Betti numbers are tightly related to the number of j-simplices in \(\mathcal {C}(\mathfrak {X}, r)\), denoted by \(S_{j}(\mathcal {C}(\mathfrak {X},r))\) or simply by \(S_{j}(\mathfrak {X}, r)\), which can be expressed as

$$ S_{j}(\mathfrak{X}, r) = \frac{1}{j + 1} \sum_{x \in \mathfrak{X}} \xi(x, \mathfrak{X}), $$

where \(\xi (x, \mathfrak {X})\) is the number of j-simplices containing x. Note that \(\xi (x, \mathfrak {X})\) is a local function in the sense that it depends only on points near x. Then in the thermodynamic regime, the weak and strong laws of large numbers for \(S_{j}(\mathcal {C}(\mathfrak {X}_{n}, r_{n}))\) hold as a consequence of general results in [6, 7],

$$ \frac{S_{j}\left(\mathfrak{X}_{n}, r_{n}\right)}{n} \to \hat S_{j}(r)\, \text{almost surely as}\ n \to \infty. $$

The limit \(\hat S_{j}(r)\) can be explicitly calculated. However, Betti numbers do not have expression like the above form, and hence those general results can not be applied.
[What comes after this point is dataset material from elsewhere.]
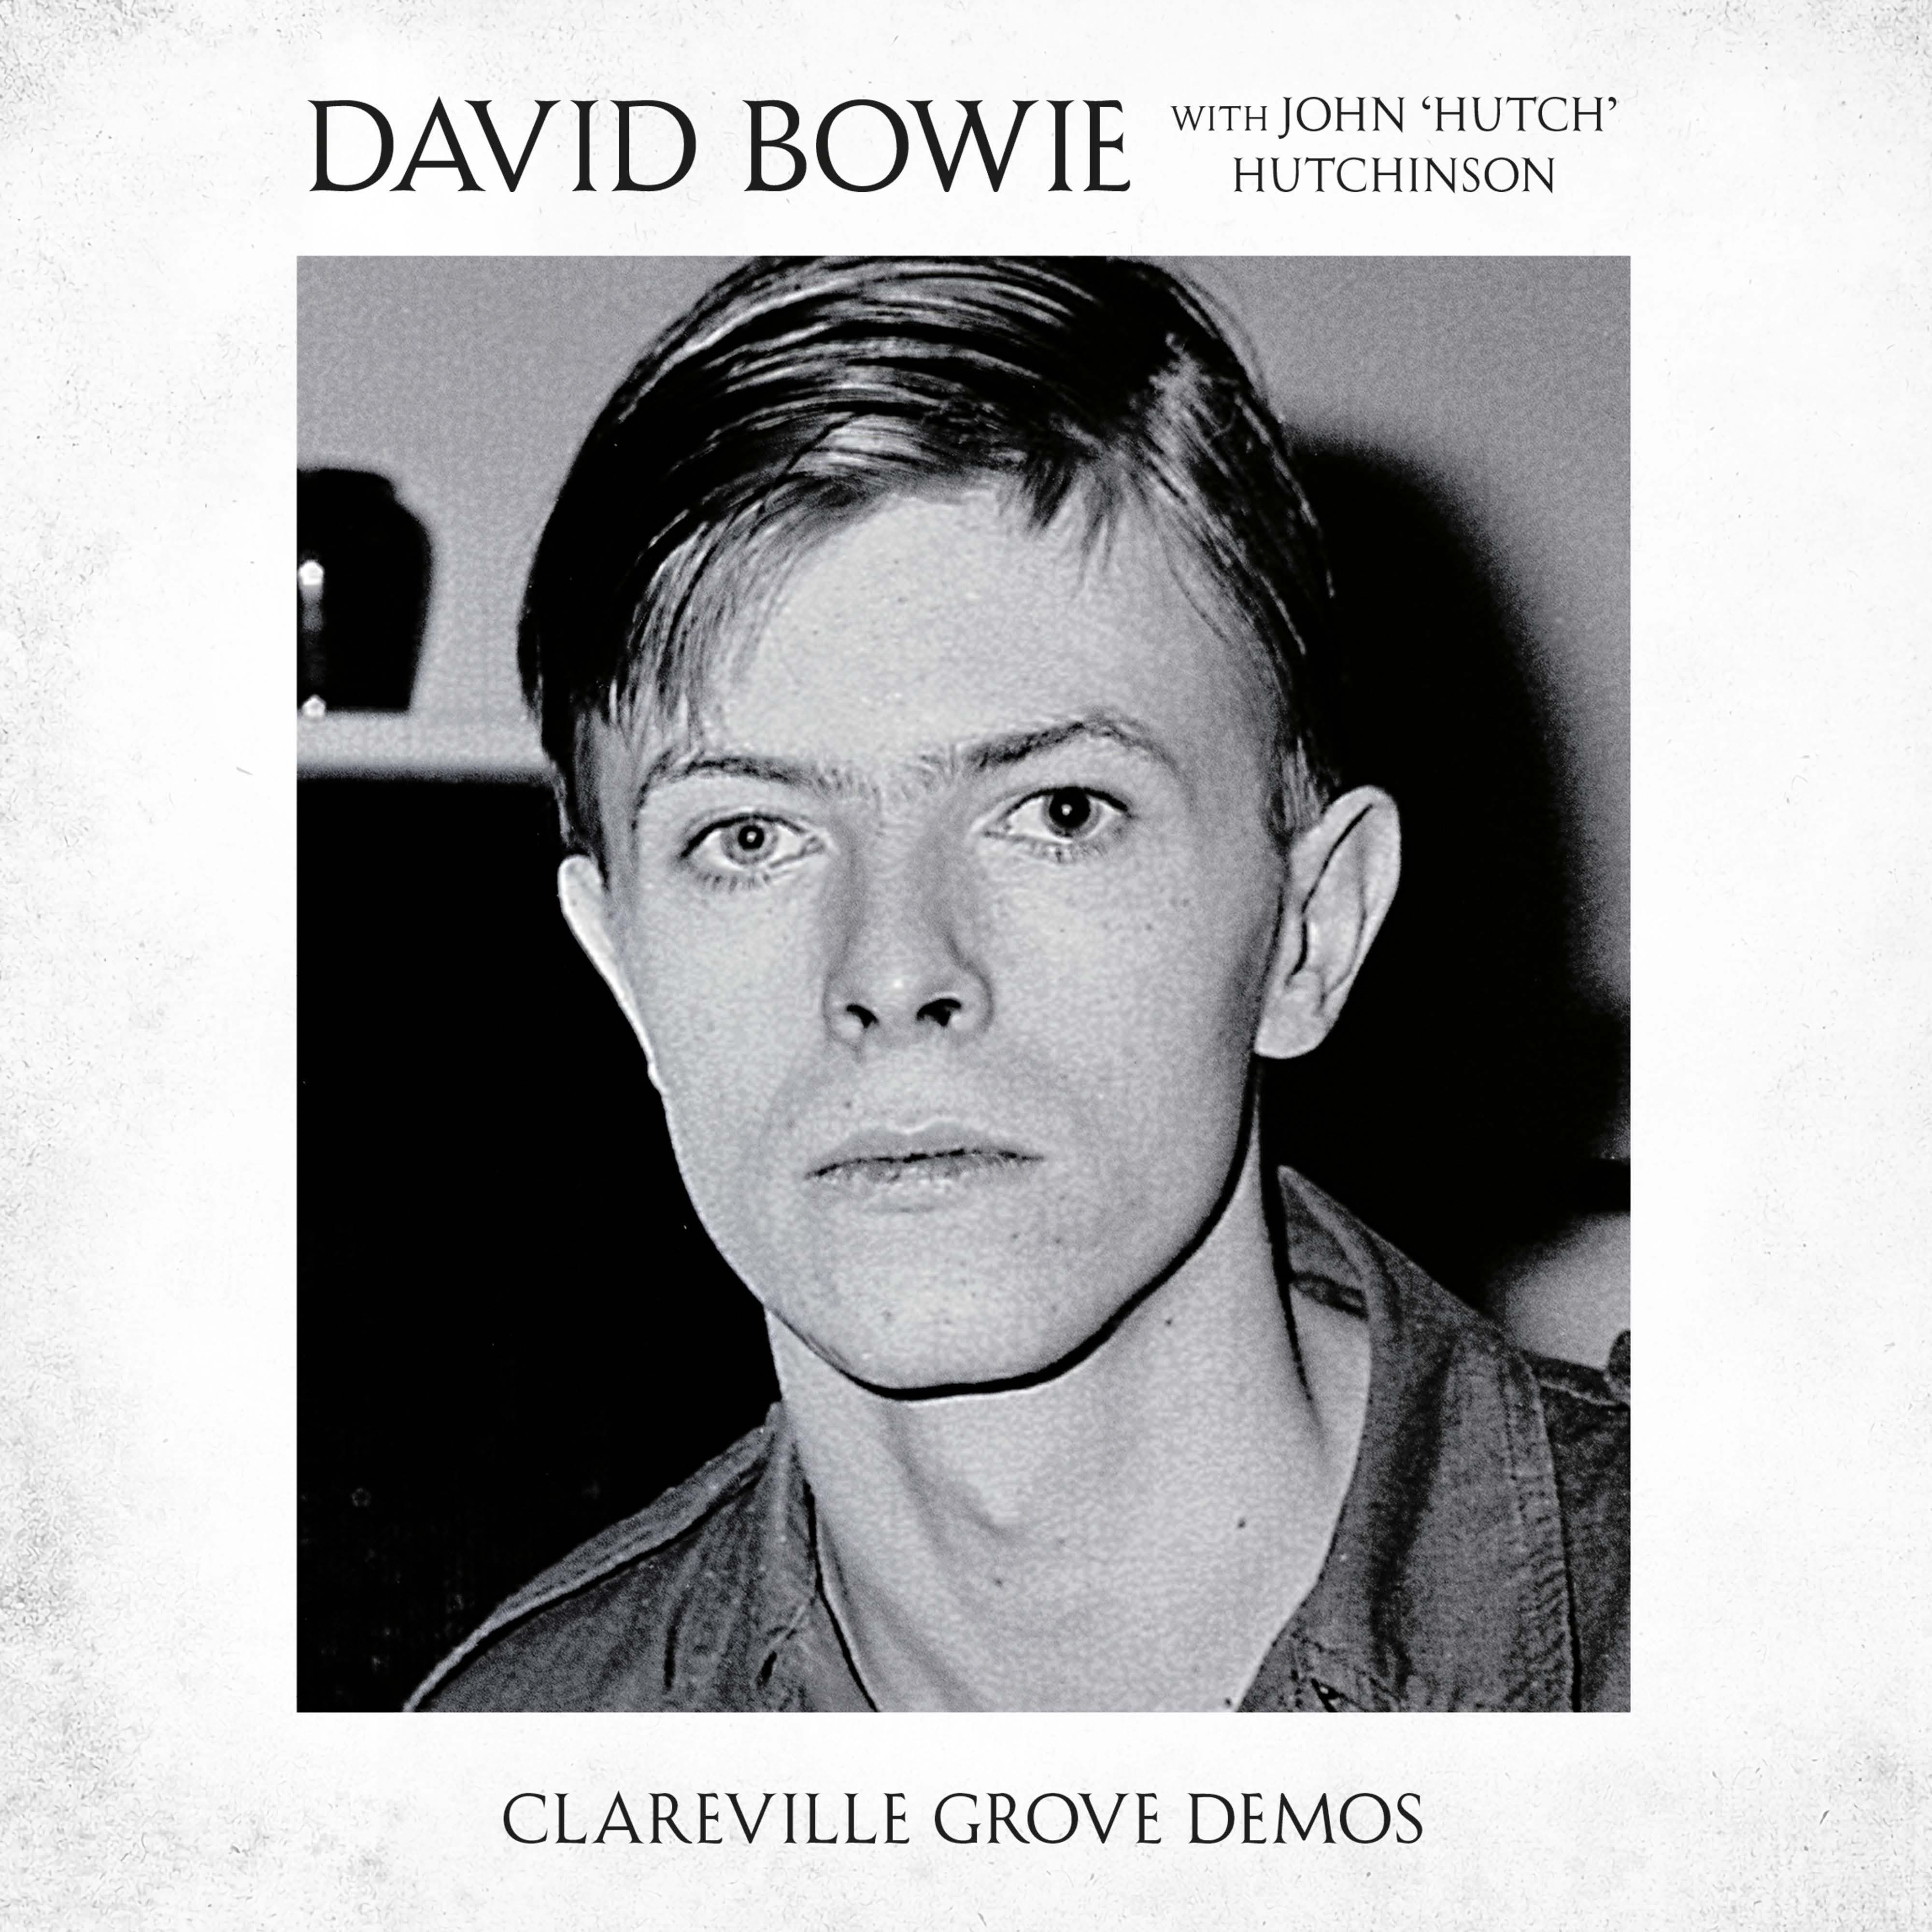 "David Bowie with John 'Hutch' Hutchinson Clareville Grove Demos 3x7"" Vinyl Singles Box Set"

To establish a limit theorem for Betti numbers, we exploit the following two properties. The first one is the nearly additive property of Betti numbers that was used in [9] to study Betti numbers of Čech complexes built on stationary point processes. The second one is the property that binomial point processes behave locally like a homogeneous Poisson point process. The latter property is also a key tool to establish the law of large numbers for local geometric functionals [6, 7].

Now let us get into more detail to state the main result of the paper. We begin with the definition of a homogeneous Poisson point process. Let N be the set of all counting measures on \(\mathbb {R}^{d}\) which are finite on any bounded Borel set and for which the measure of a point is at most 1. Define \(\mathcal {N}\) as the σ-algebra generated by sets of the form

$$ \left\{\mu \in \mathbf{N} : \mu(A) = k\right\}, $$

where A is a bounded Borel set and k is an integer. Then a point process Φ is a measurable mapping from some probability space into \((\mathbf {N}, \mathcal {N})\). For a Borel set A, let Φ(A) denote the number of points in A. By definition of the σ-algebra \(\mathcal {N}\), Φ(A) becomes a usual random variable. A homogeneous Poisson point process is defined as follows. For some basic properties of point processes, see [2], for example.

Definition 1.2

The point process \(\mathcal {P}\) is said to be a Poisson point process with density λ>0 if

  • for disjoint Borel sets A 1,…,A k , the random variables \(\mathcal {P}(A_{1}), \dots, \mathcal {P}(A_{k})\) are independent;

  • for any bounded Borel set A, the number of points in A has Poisson distribution with parameter |A|, \(\mathcal {P}(A) \sim \text {Pois}~(\lambda |A|)\), that is,

    $$ \mathbb{P}(\mathcal{P}(A) = k) = e^{- \lambda |A|} \frac{\lambda^{k} |A|^{k}}{k!}, \quad k = 0,1, \dots, $$

    where |A| denotes the Lebesgue measure of A.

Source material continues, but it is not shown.